Python 3.5 vs. 3.6 what made “map” slower compared

2019-02-03 17:41发布

I sometimes used map if there was a function/method that was written in C to get a bit extra performance. However I recently revisited some of my benchmarks and noticed that the relative performance (compared to a similar list comprehension) drastically changed between Python 3.5 and 3.6.

That's not the actual code but just a minimal sample that illustrates the difference:

import random

lst = [random.randint(0, 10) for _ in range(100000)]
assert list(map((5).__lt__, lst)) == [5 < i for i in lst]
%timeit list(map((5).__lt__, lst))
%timeit [5 < i for i in lst]

I realize that it's not a good idea to use (5).__lt__ but I couldn't come up with a useful example right now.

The timings on Python-3.5 were in favor of the map approach:

15.1 ms ± 5.64 µs per loop (mean ± std. dev. of 7 runs, 100 loops each)
16.7 ms ± 35.6 µs per loop (mean ± std. dev. of 7 runs, 100 loops each)

While the Python-3.6 timings actually show that the comprehension is faster:

17.9 ms ± 755 µs per loop (mean ± std. dev. of 7 runs, 100 loops each)
14.3 ms ± 128 µs per loop (mean ± std. dev. of 7 runs, 100 loops each)

My question is what happened in this case that made the list-comprehension faster and the map solution slower?

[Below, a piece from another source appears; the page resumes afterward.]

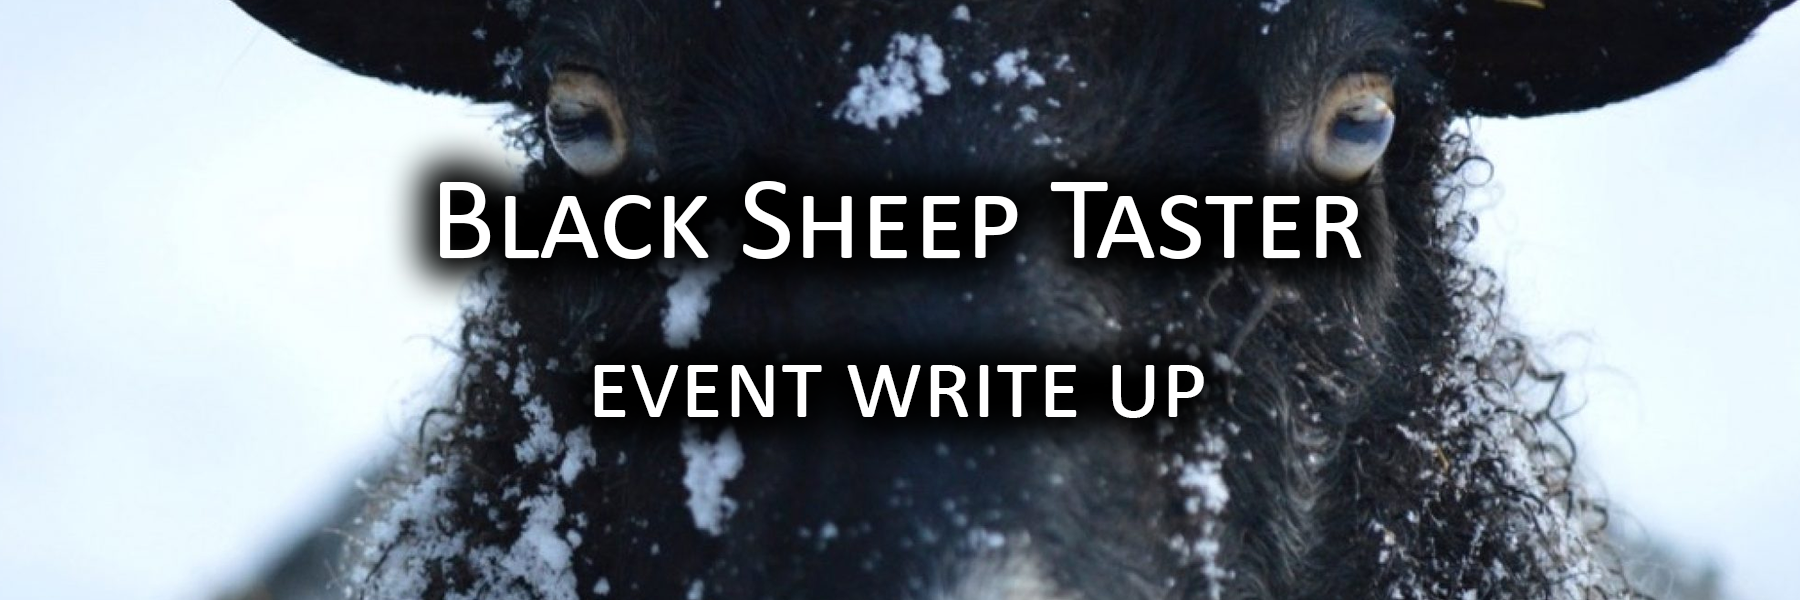 Black Sheep Taster writeup

I realize the difference isn't that much, it just made me curious because that was one of the "tricks" I sometimes (actually seldom) used in performance critical codes.

2条回答
趁早两清
2楼-- · 2019-02-03 17:59

I think a fair comparison involves using the same function and same testing conditions in Python 3.5 and 3.6 as well as when comparing map to list comprehension in a chosen Python version.

In my initial answer I have performed multiple tests that showed that map was still faster by a factor of about two in both versions of Python when compared to list comprehension. However some results were not conclusive and so I performed some more tests.

First let me cite some of your points stated in the question:

"... [I] noticed that the relative performance [of map] (compared to a similar list comprehension) drastically changed between Python 3.5 and 3.6"

You also ask:

"My question is what happened in this case that made the list-comprehension faster and the map solution slower?"

It is not very clear if you mean that map is slower than list comprehension in Python 3.6 or if you mean that map is slower in Python 3.6 than in 3.5 and list comprehension's performance has increased (albeit not necessarily to the level of beating map).

Based on more extensive tests that I have performed after my first answer to this question, I think I have an idea of what is going on.

However, first let's create conditions for "fair" comparisons. For this we need to:

  1. Compare performance of map in different Python versions using the same function;

  2. Compare performance of map to list comprehension in the same version using same function;

  3. Run the tests on same data;

  4. Minimize contribution from timing functions.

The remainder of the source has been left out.